▸ **ACTIVITY**: Going down the listing below, print exactly each line from the one with "Rembrandt's Night Watch" up to and including the one with "Kaligrafi Seni Kaligrafi", and skip the rest.

▸ **RECORD EXTRACTS**:
========================

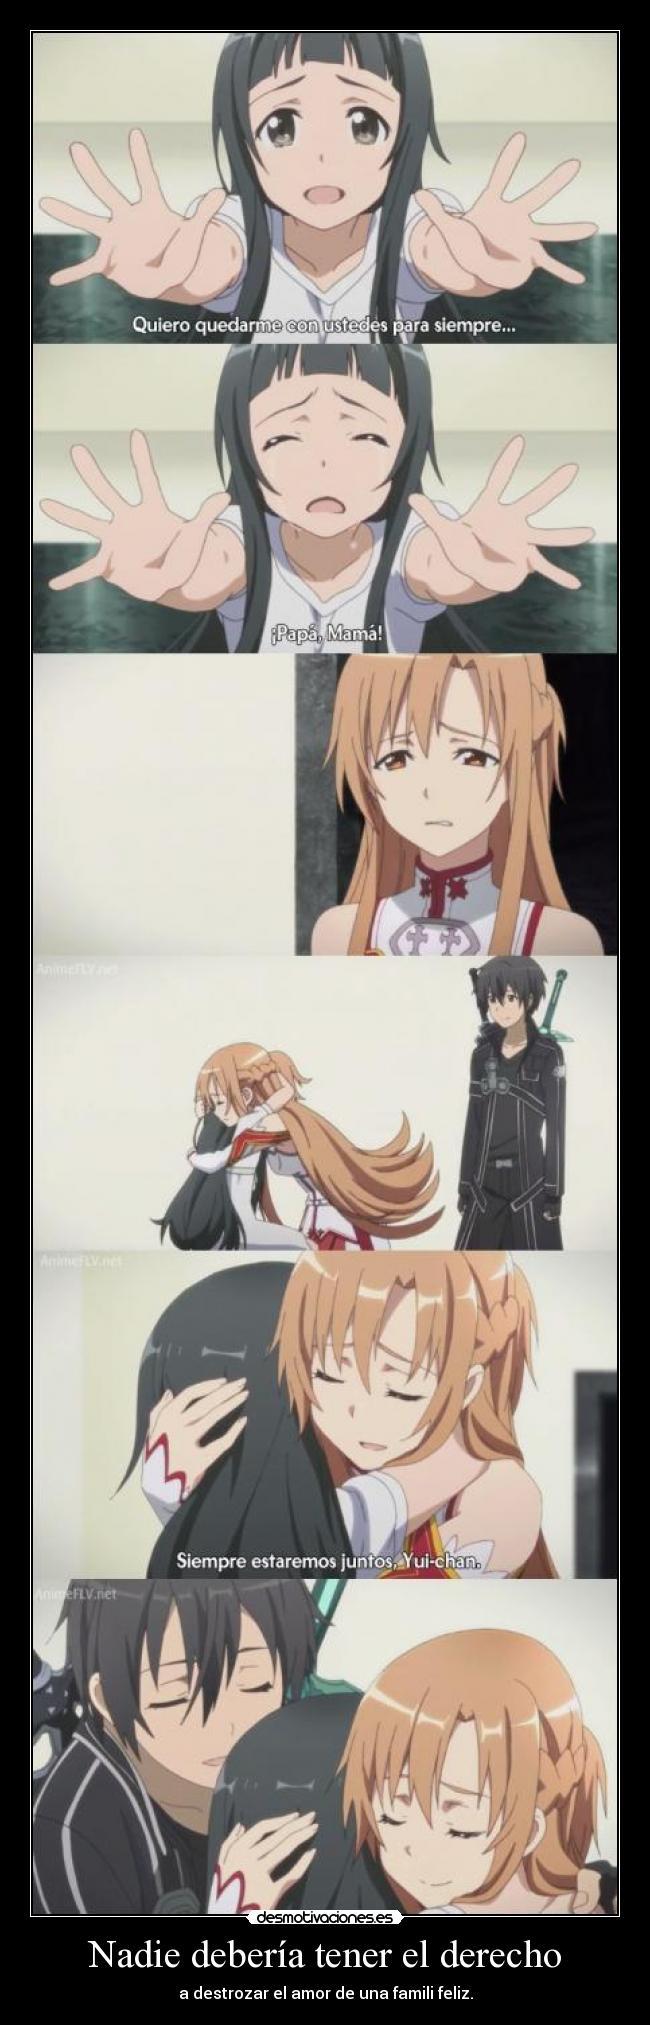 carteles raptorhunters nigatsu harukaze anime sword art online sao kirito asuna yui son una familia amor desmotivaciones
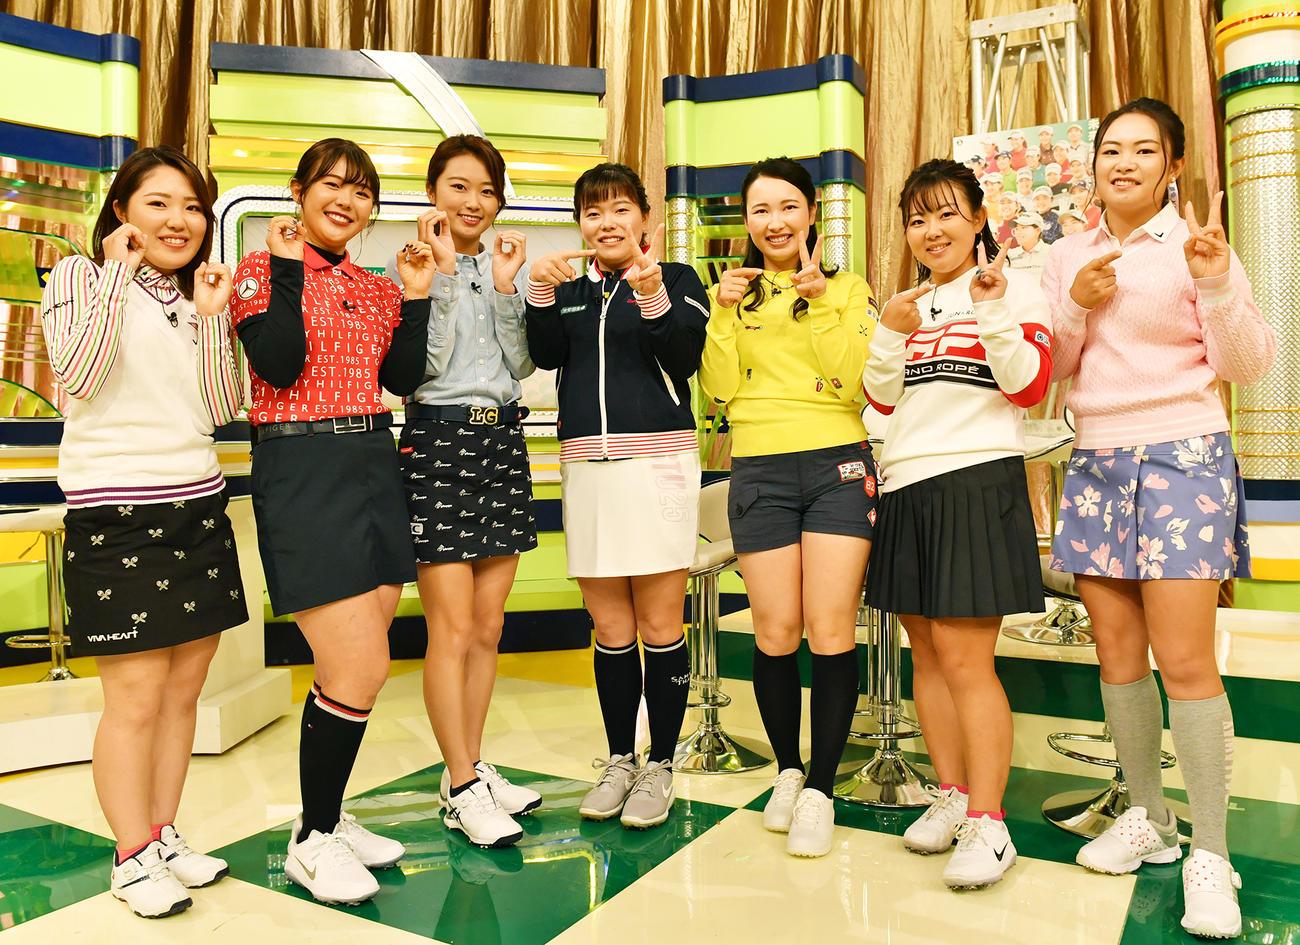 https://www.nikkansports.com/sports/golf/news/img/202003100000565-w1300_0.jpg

========================

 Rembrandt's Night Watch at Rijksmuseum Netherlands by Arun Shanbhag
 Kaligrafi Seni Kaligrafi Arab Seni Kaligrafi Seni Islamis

========================

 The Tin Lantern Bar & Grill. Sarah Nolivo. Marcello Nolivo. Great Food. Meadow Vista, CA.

========================

▸ **ANSWER TO THIS EXERCISE**:
 Rembrandt's Night Watch at Rijksmuseum Netherlands by Arun Shanbhag
 Kaligrafi Seni Kaligrafi Arab Seni Kaligrafi Seni Islamis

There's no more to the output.